## Work request
Reproduce the listing that follows word for word, without its pictures.

## Supplied data
--------------------------------------------------
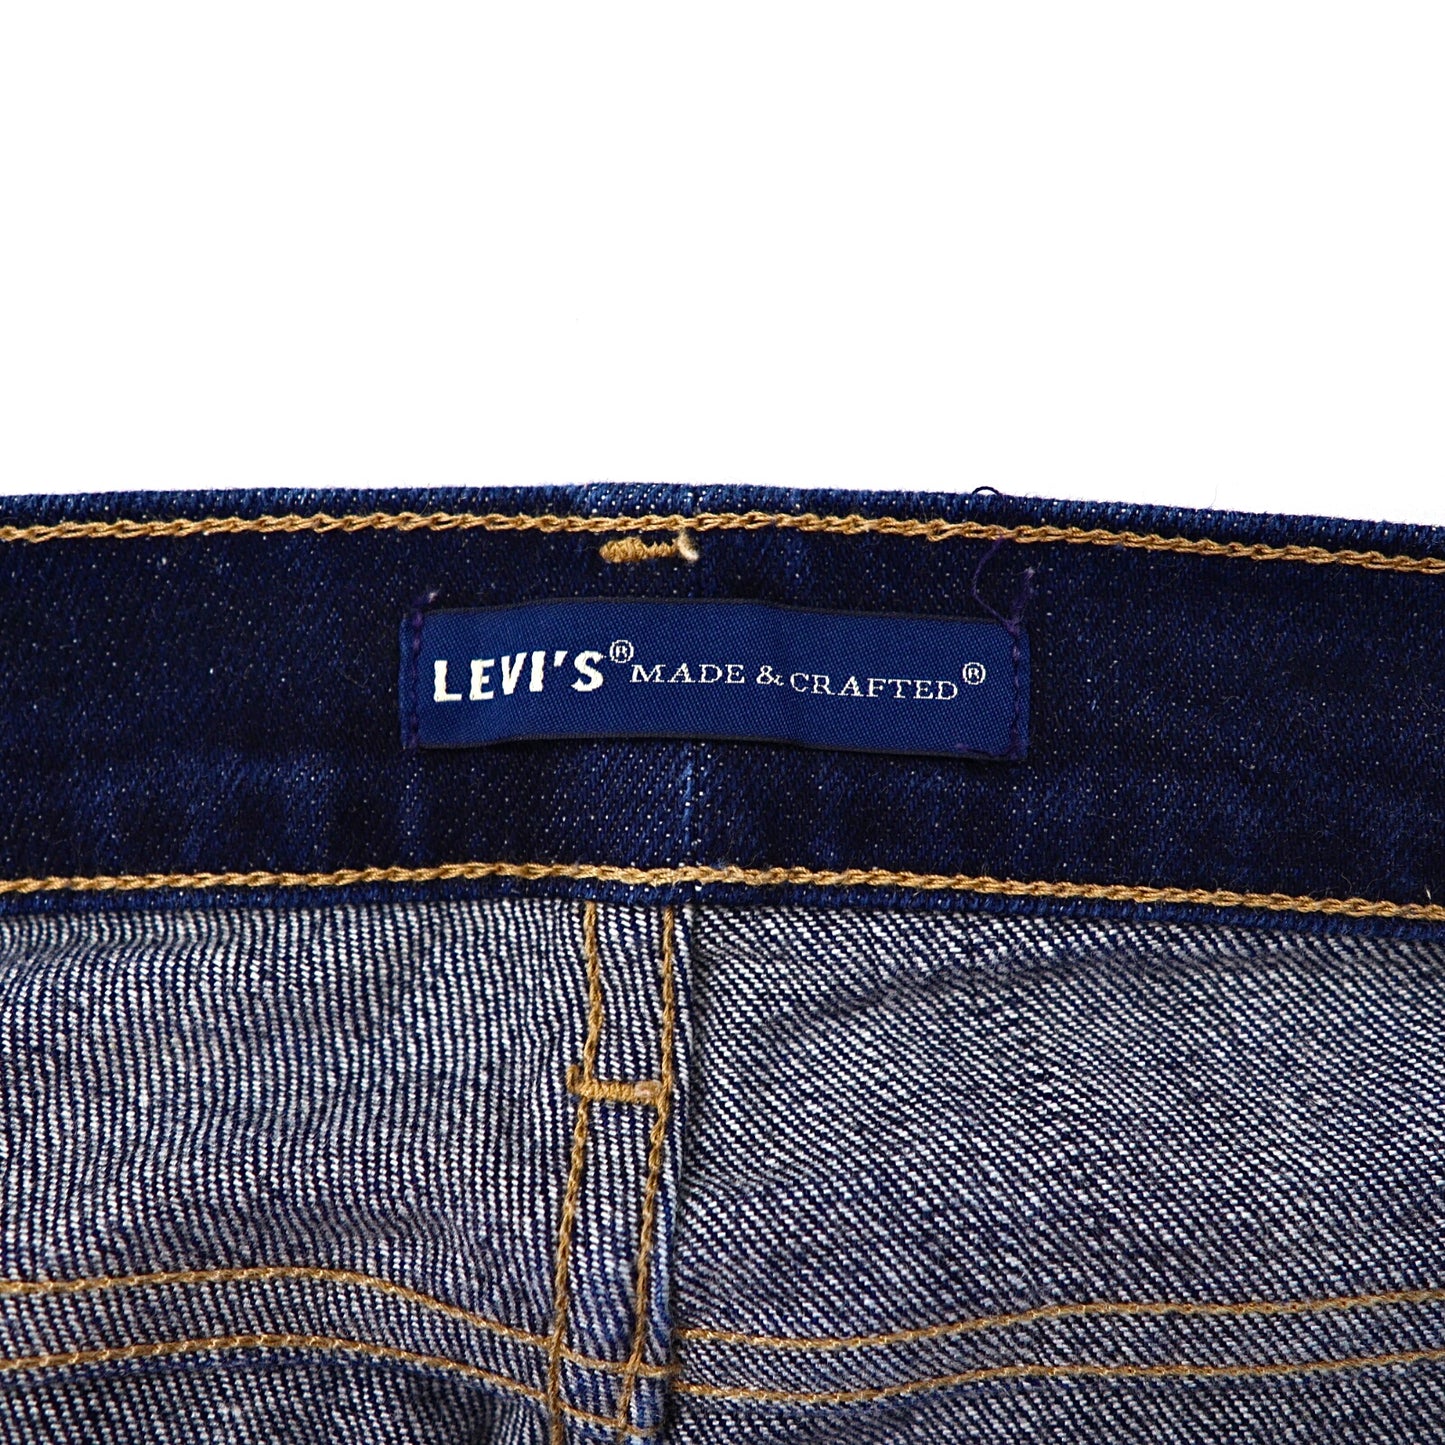 LEVI'S MADE & CRAFTED スキニーパンツ 26 ブルー デニム トルコ製
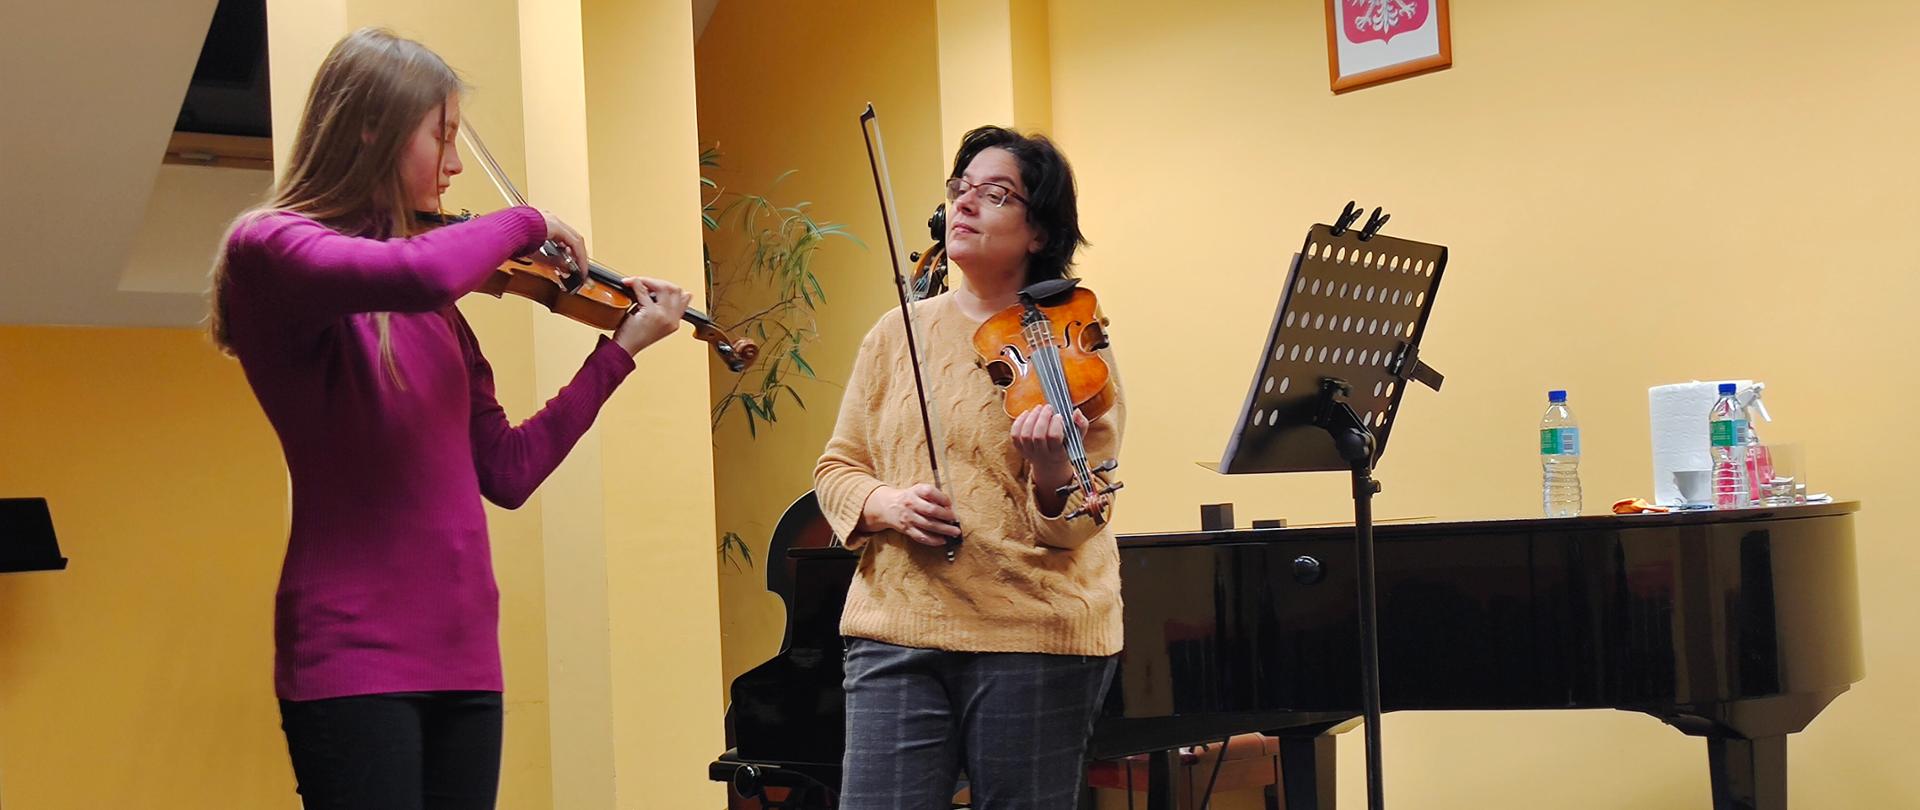 Zdjęcie przedstawia nauczyciela i ucznia podczas lekcji gry na skrzypcach
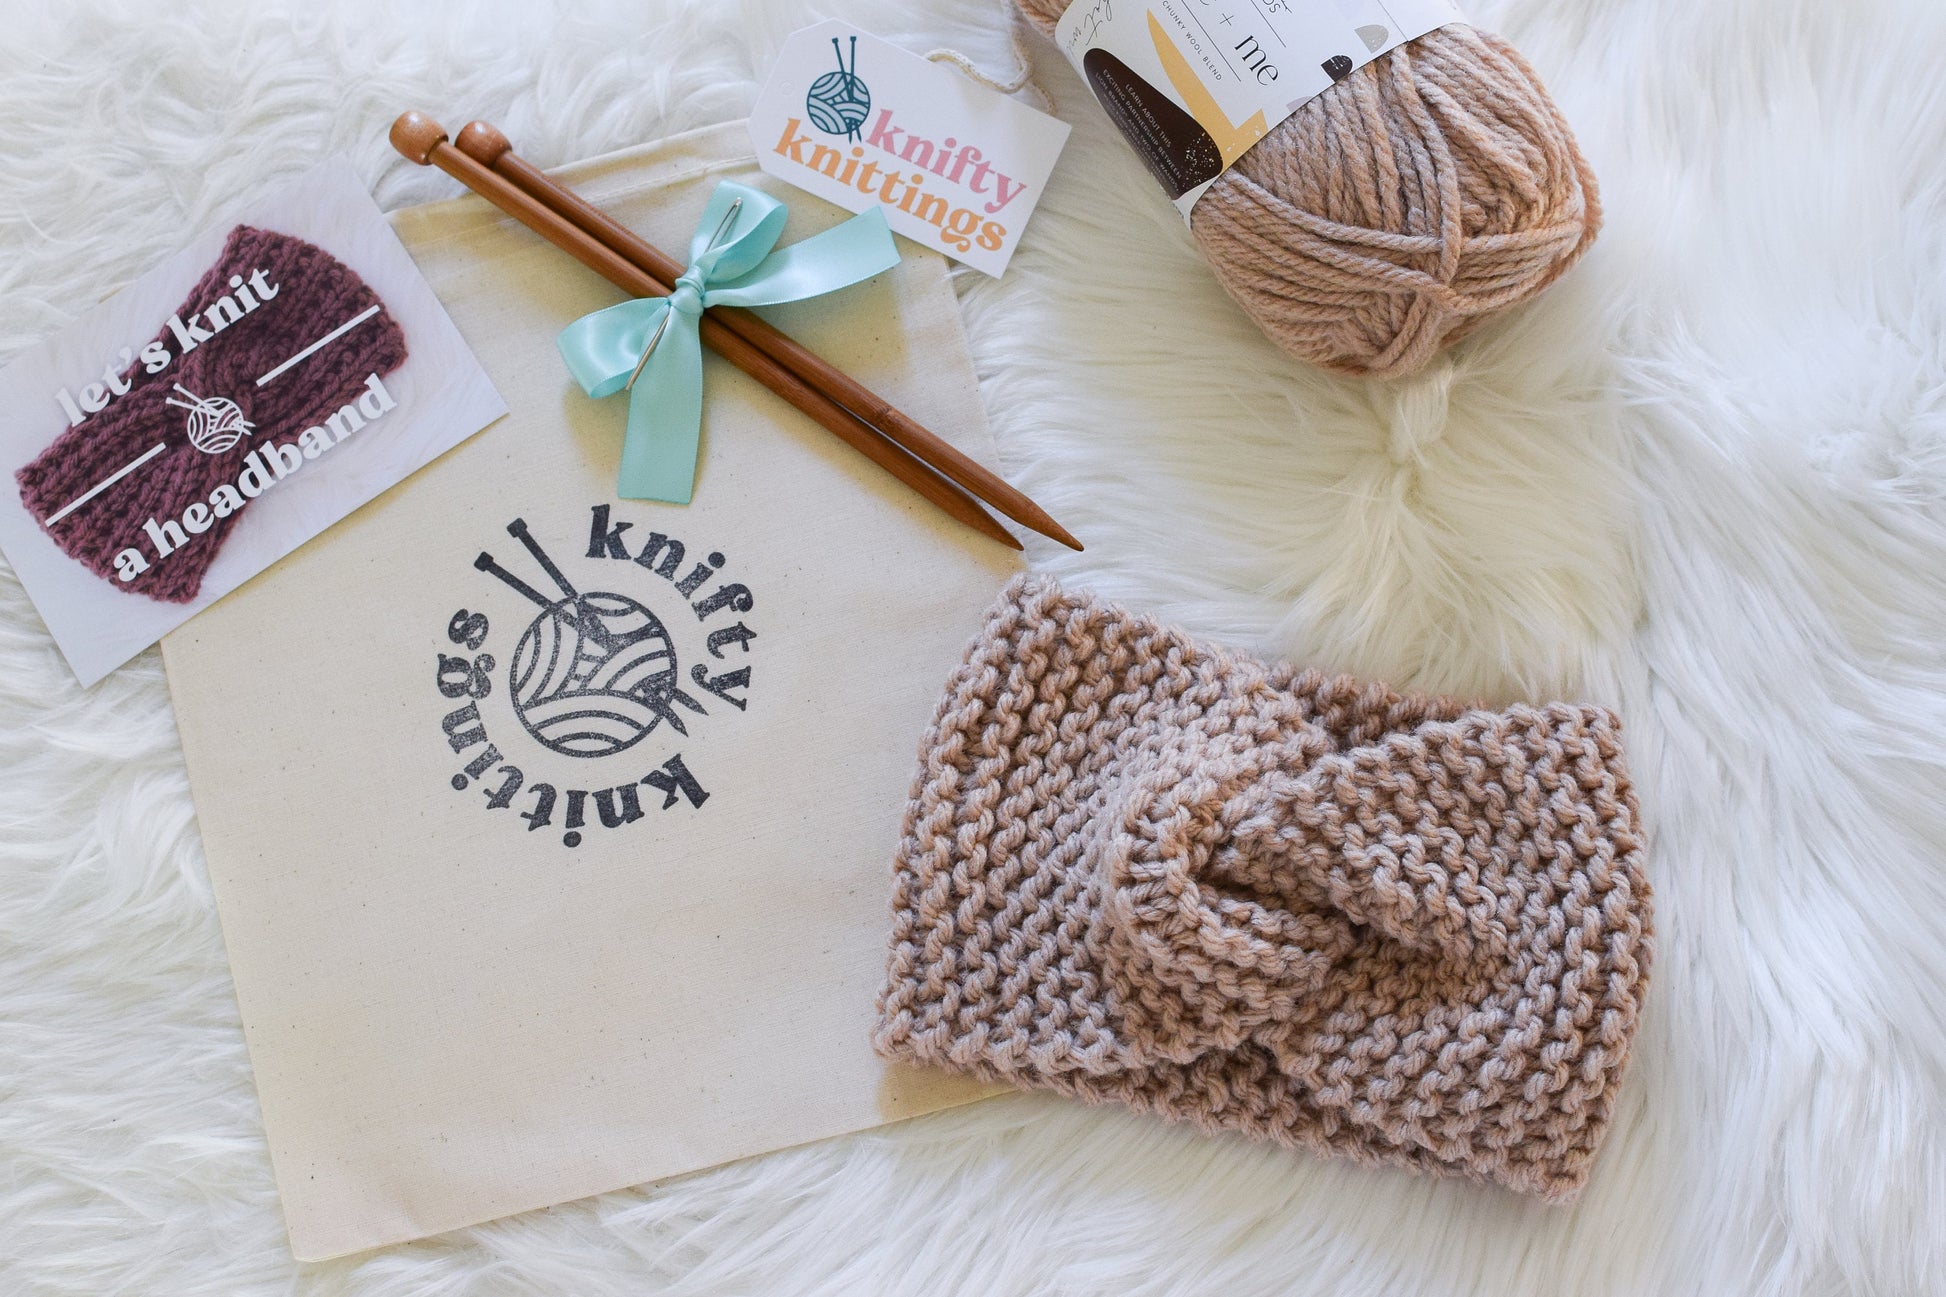 Beginner Knitting Kit // Headband Knitting Kit // Earwarmer Knitting Kit // Knit Kit // Learn To Knit Kit // DIY Gift Ideas
--------------------------------------------------
## Written reply
 LEVI'S MADE & CRAFTED スキニーパンツ 26 ブルー デニム トルコ製
 Zdjęcie przedstawia nauczyciela i ucznia podczas lekcji gry na skrzypcach
 Beginner Knitting Kit // Headband Knitting Kit // Earwarmer Knitting Kit // Knit Kit // Learn To Knit Kit // DIY Gift Ideas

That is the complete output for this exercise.